Holy Smokes Keller!!!:dash2::wacko1::dash2::wacko1: That is just flat awesome! I have bought plenty of Rocky's Manz and turned some of it. How did you keep the Manz from flying off and taking you out while turning it? Nice Job!


----------



## ripjack13 (Apr 26, 2012)

Oh...my...god...that is just beautiful!!!!


----------



## txpaulie (Apr 26, 2012)

Wowsers!

Very nicely done!

I've a similar piece, won't likely do for a HF, I suspect a vase-ish profile for mine...:i_dunno:

I am reluctant to post it anytime soon, though...
I'll wait for this thread to disappear down the list!

p


----------



## TimR (Apr 26, 2012)

David,
Thanks for heads up on this site...very cool. Gotta say, for some reason the pics of this manz piece you did (very well I might add) look even better in this site. You really did that piece of manz well and rockb looks to have a great selection of wood. (I hear little noises :clapping: coming out of my wallet).


----------



## DKMD (Apr 26, 2012)

Thanks folks!

Tim... Head over to the introduction area and introduce yourself... I should warn you that this mob is picture crazy, so share a few of those beautiful turnings of yours


----------



## Kenbo (Apr 26, 2012)

Holy crap that's awesome. Fantastic stuff.

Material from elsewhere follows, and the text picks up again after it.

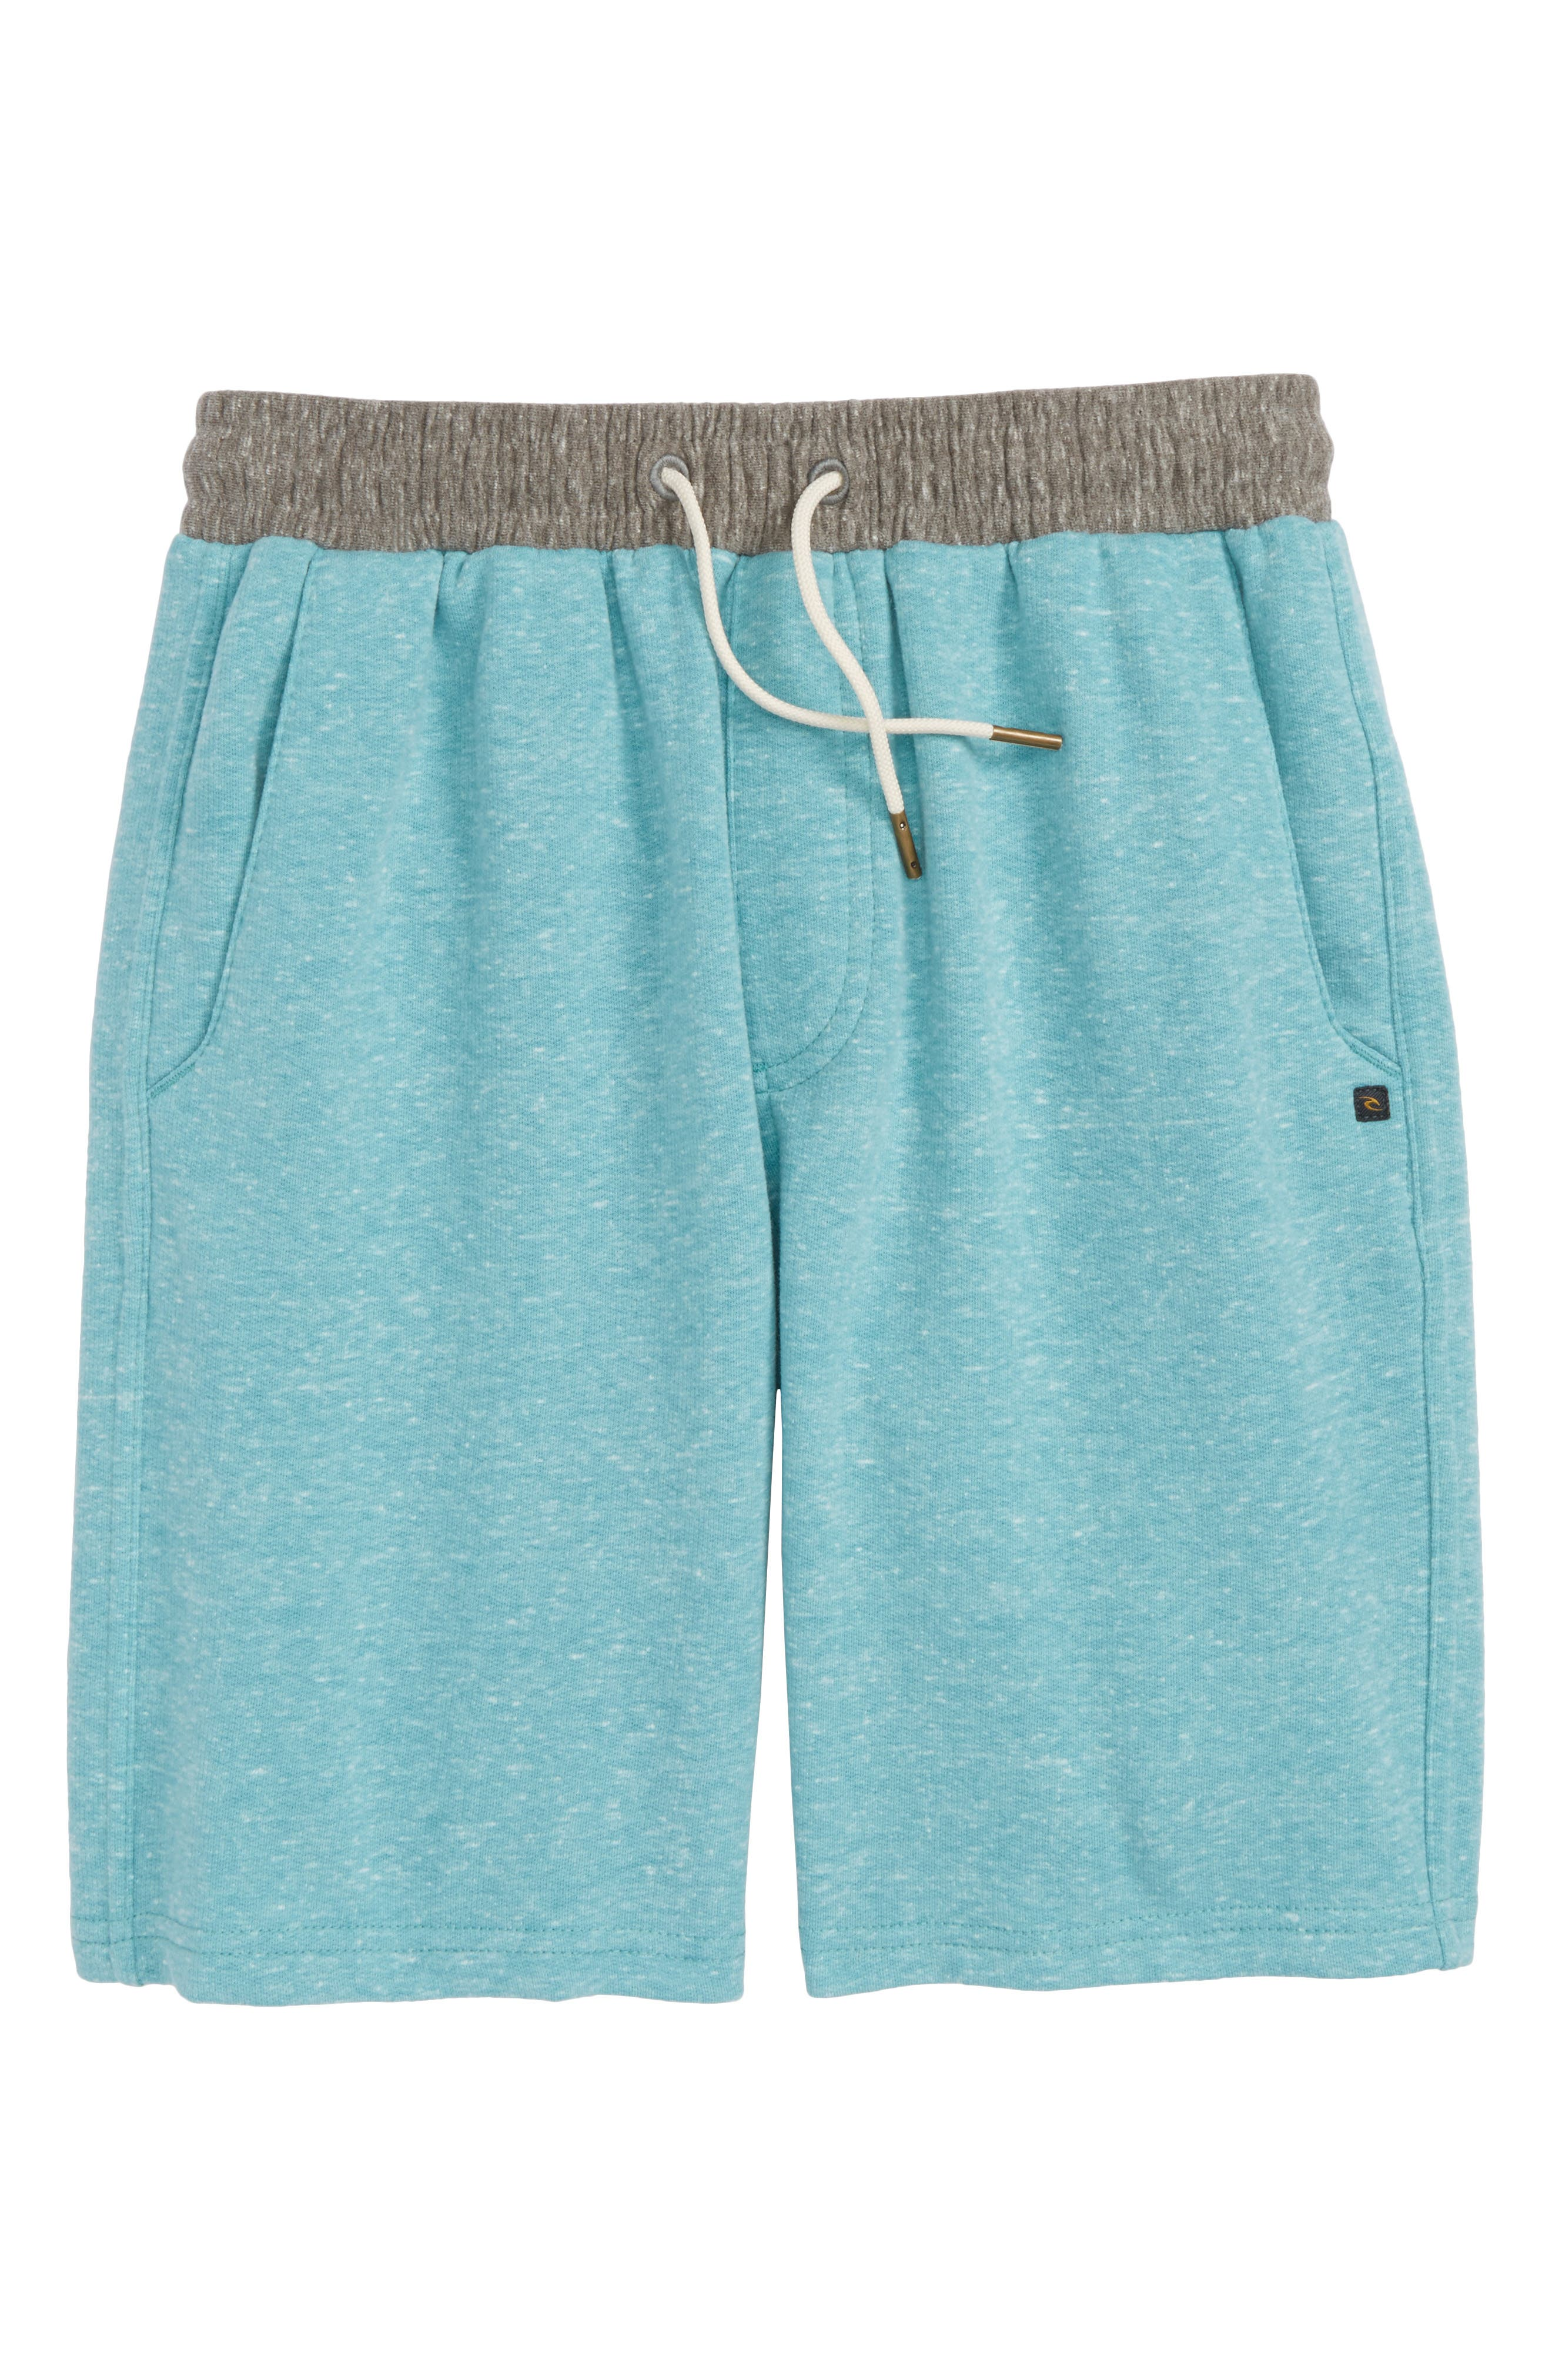 Seaside Fleece Shorts,                         Main,                         color, Teal

I really gotta hone my turning skills to catch up to you folks.


----------



## rockb (Apr 27, 2012)

DKMD said:


> I was lucky enough to purchase a nice manzanita burl from rockb right here on Woodbarter, so I thought I'd share the finished project. This hollowform is about 7 or 8" tall and almost as wide(I rarely measure anything). It's finished with a good buffing and a coat of renaissance wax… This stuff doesn't really need a finish!
> 
> Thanks to Rocky for sharing his beautiful manzanita burl with me! I forgot to take a photo of the piece before I turned it, but maybe Rocky kept a photo from the listing thread… If you did, Rocky, feel free to post it.
> 
> ...


----------



## ripjack13 (Apr 27, 2012)

I remember M128! I bought M125! Man he gets great burl!


----------